You're right of course. They can be used. Another factor is that this pot is significantly bigger than our biggest burner. I do have a smaller Creuset pot that I still use once in a while. Anyway, along with the damage it just seemed easier to retire the bigger pot.
 
Beetle-Kill said:
I'm curious if anyone will chime in about the caulk vs. grout for the reveal? I'm thinking after Pixels description, that with thinset on the sides of the platform there should be few if any spaces that would allow the cap to flex inward towards the platform. Even a hard bump with a vacumn cleaner probably wouldn't do anything. I think the grout would be the better way to go.
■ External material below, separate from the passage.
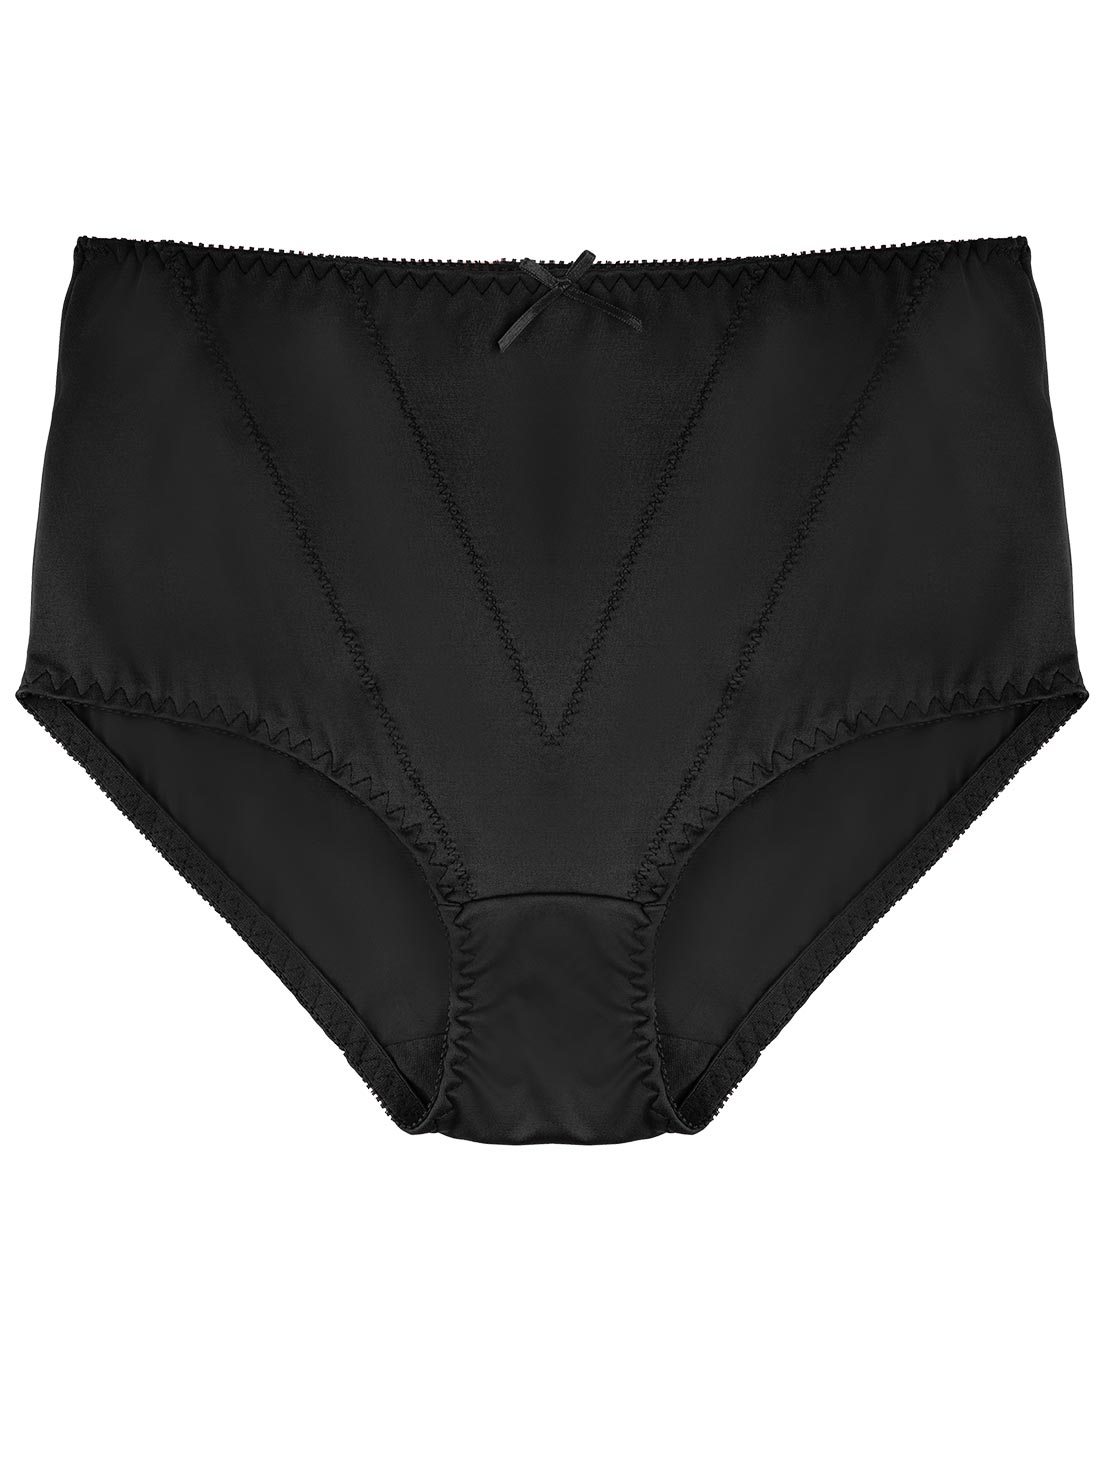 Compression Underwear Women: Panty 2155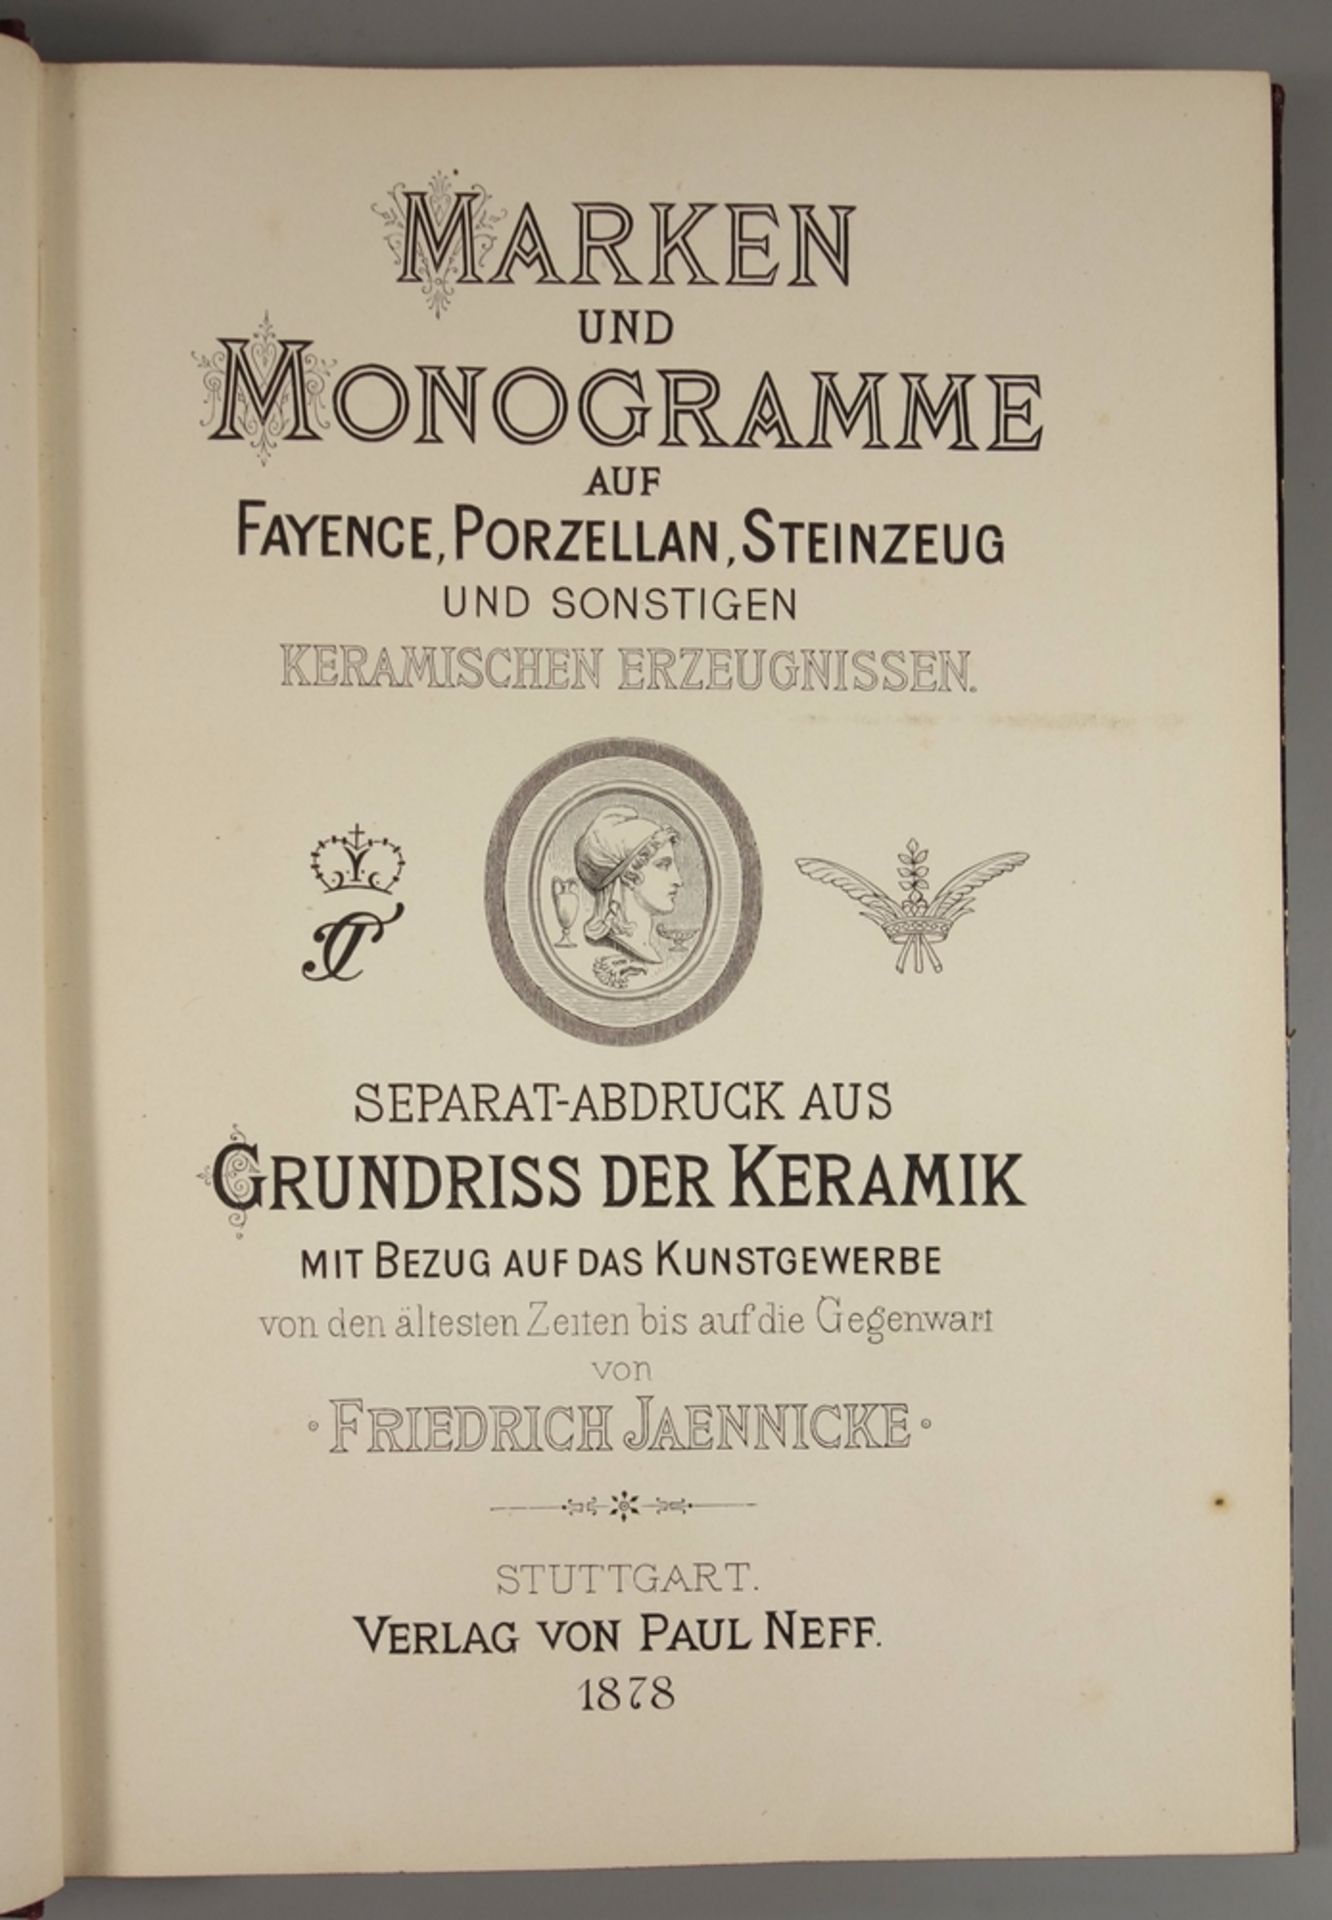 Marken und Monogramme auf Fayence, Porzellan, Steingut und sonstigen Keramischen Erzeugnissen, 1878,

Any others?

I'm curious, too.

There actually is a little flex around the edges of the stainless. The thinset didn't "glue" them down as much as we had hoped. But I'm thinking that if I do grout that gap, I would start by scraping some grout up under the stainless edge as a filler and letting that set first.
 
pixelmountain said:
Beetle-Kill said:
I'm curious if anyone will chime in about the caulk vs. grout for the reveal? I'm thinking after Pixels description, that with thinset on the sides of the platform there should be few if any spaces that would allow the cap to flex inward towards the platform. Even a hard bump with a vacumn cleaner probably wouldn't do anything. I think the grout would be the better way to go. Any others?

I'm curious, too.

There actually is a little flex around the edges of the stainless. The thinset didn't "glue" them down as much as we had hoped. But I'm thinking that if I do grout that gap, I would start by scraping some grout up under the stainless edge as a filler and letting that set first.

Yes, that's why I asked about the install--it sounds very tricky to get it to fit perfectly, and you did a great job considering the challenges. I agree that filling that void as much as possible would provide durability. I was thinking something that would flow well at first, like epoxy, but then realized that probably would have poor heat durability. Maybe grout would be good, if you could figure a way to force it in. Maybe a frosting applicator, or something out of a caulk gun?

And how about a very small trim rail around the bottom, to take impacts? It could be painted to match.